What should we take away from all this? In time, the car culture as we know it will most likely change. Fifty years from now, it probably won’t be recognizable to those who consider themselves car people now. Collector cars and internal combustion vehicles may well go the way of the horse; to be used only in specific areas, away from the masses and everyday life, a weekend hobby for those wealthy enough to afford them. The coming 25-30 years may be the swan song for collector cars. If you own them, and you are letting them sit to preserve investment value, you may want to reconsider. Some cars will likely see a considerable rise in value over the next decade, but not all, or even most. American classics that were considered to be Blue Chip investments over the past couple decades (early Thunderbirds, Tri-Five Chevys, Mid-Year Corvettes, Hemi MOPARs) are beginning to soften in price as the Baby Boomers who collected them are selling them, as they retire and downsize. Those same Boomers have come to prefer a better ride, handling, more sumptuous interiors and quality stereos (one need only look to the rise of the high build-quality Resto Mod to see that trend in motion.) What is becoming more popular are cool cars from the 1980s, ‘90s, and early 2000s, as Gen X-ers and Millennials earn better livings with more disposable income. The cars on the rise now are those that were on bedroom posters fifteen to thirty years ago.
If your investment is beginning to see a dip in price, you may either want to sell, or do the FAR cooler thing: Drive it!

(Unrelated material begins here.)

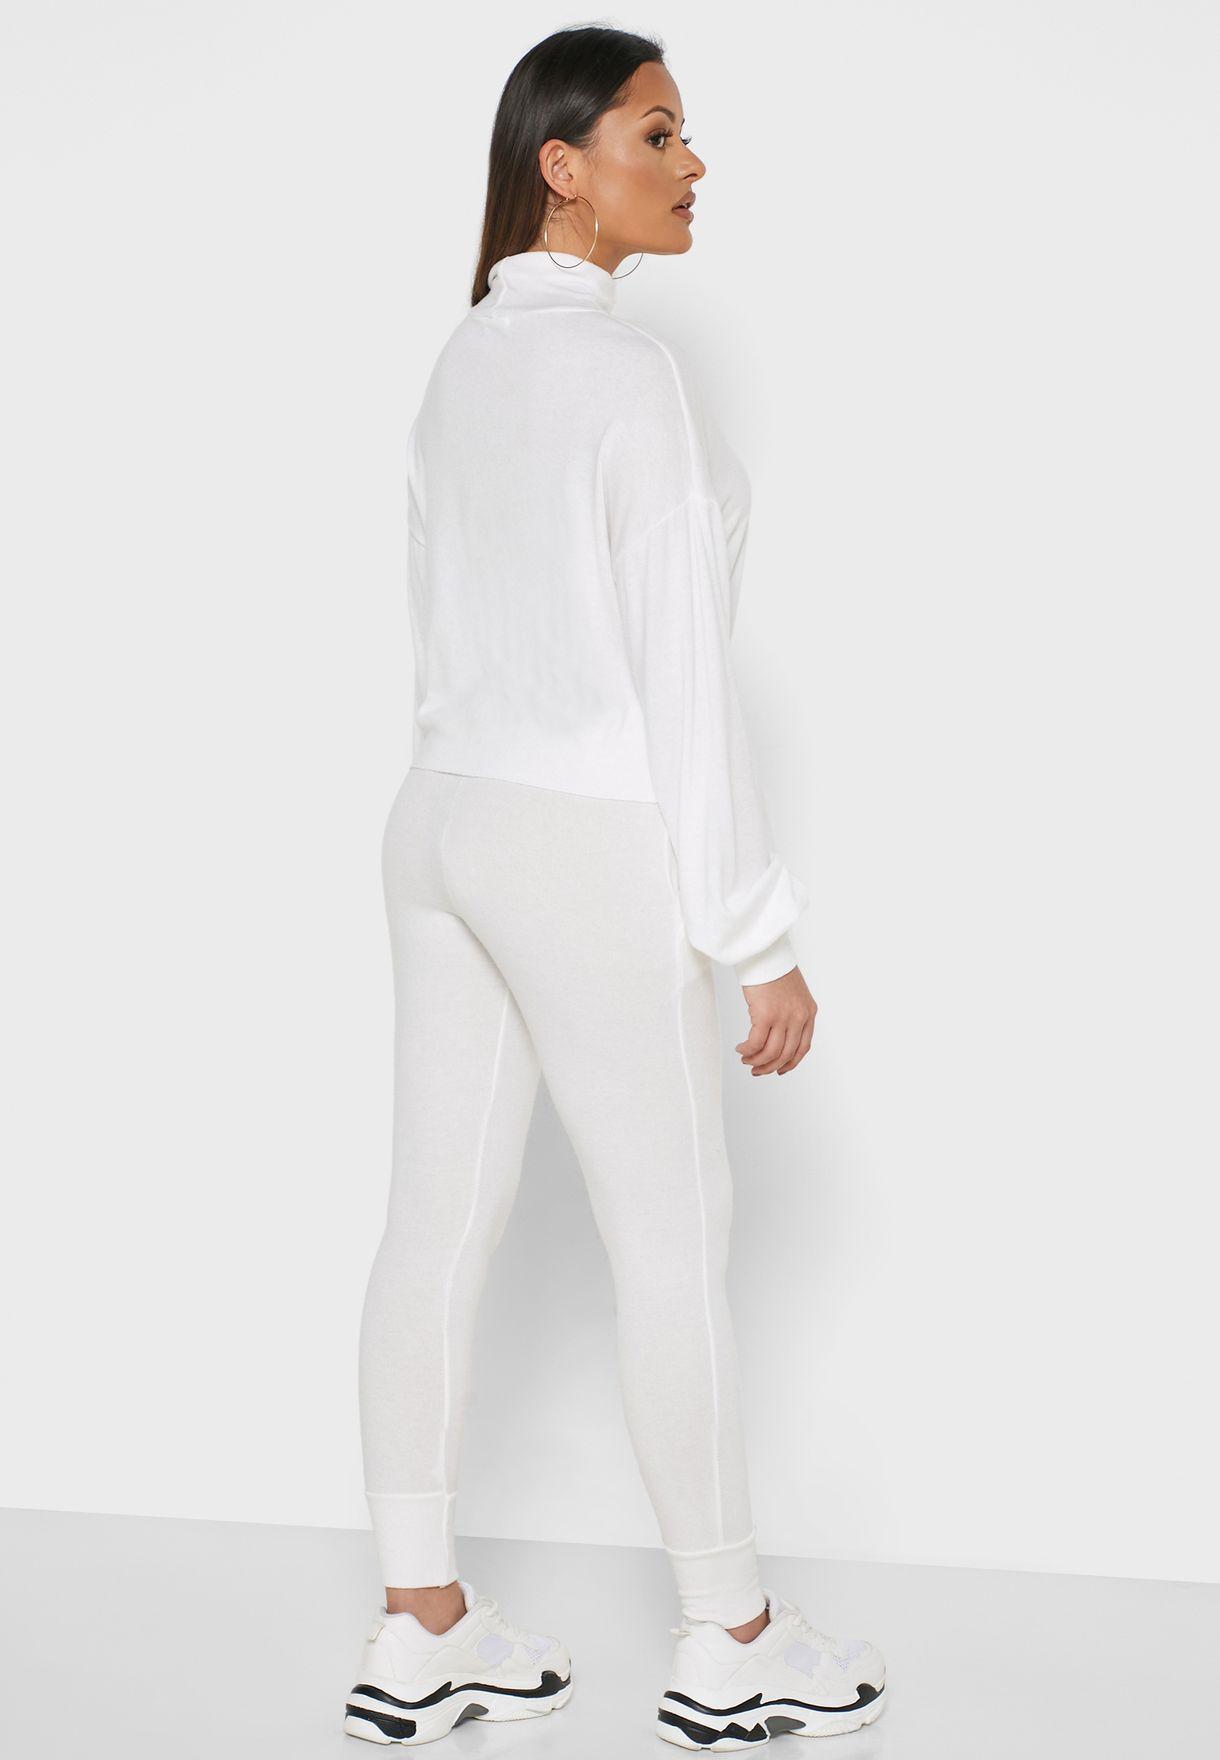 HIgh Neck Sweater Pants Set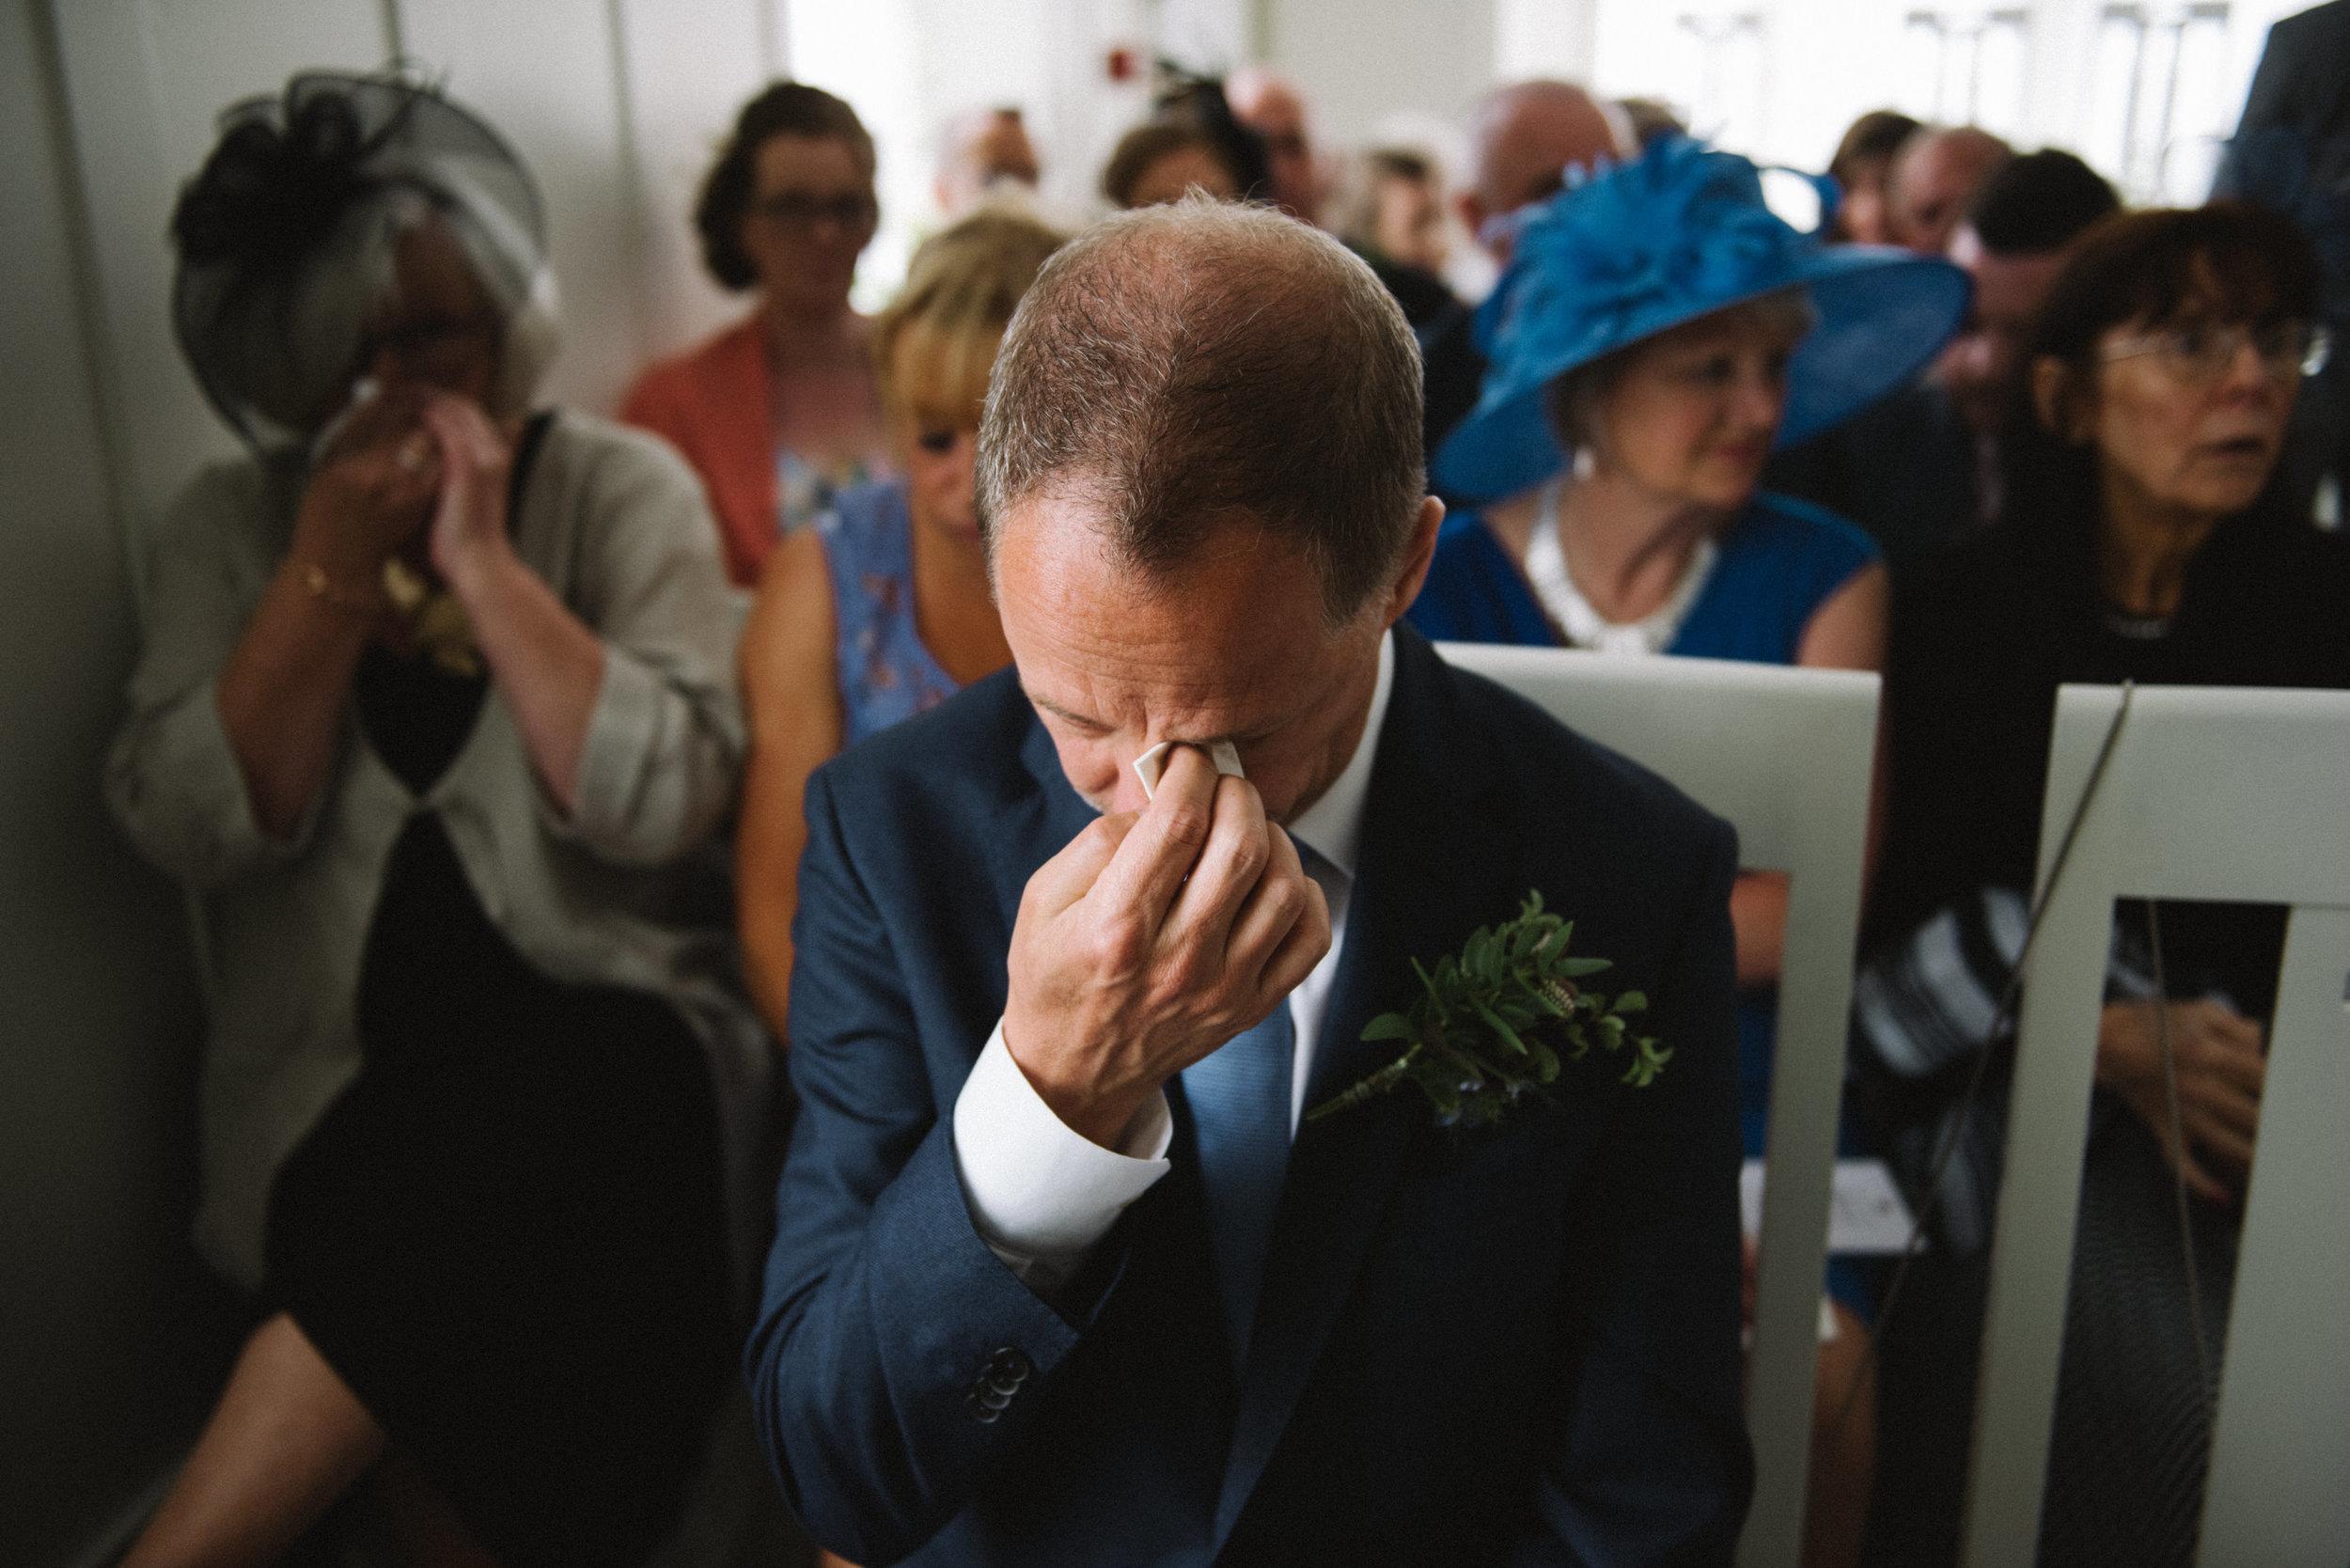 0055-LISA-DEVINE-PHOTOGRAPHY-ALTERNATIVE-WEDDING-PHOTOGRAPHY-SCOTLAND-DESTINATION-WEDDINGS-GLASGOW-WEDDINGS-COOL-WEDDINGS-STYLISH-WEDDINGS.JPG

Do what the car was meant to do! Check the fluids, make sure the tires hold air, give it a rinse, and get behind the wheel. Maybe, just maybe, some kid who loves playing with his toy cars will see it, think it’s the best thing ever, and will become inspired. Talk to people about your car. Encourage them to get involved in our culture and community. We may be able to keep it alive a while longer. The hypothetical collection in the opening paragraph is a description of my collection, and I drive them all. I take them to shows, and when I do, I always let kids sit in them, let their parents take pictures. Let’s keep our passion alive, for at least a couple more generations. Hopefully, I won’t ride to the cemetery in an electric hearse. If I’m really lucky, Chris DiGanci will drive me, performing endless smoky burnouts along the way.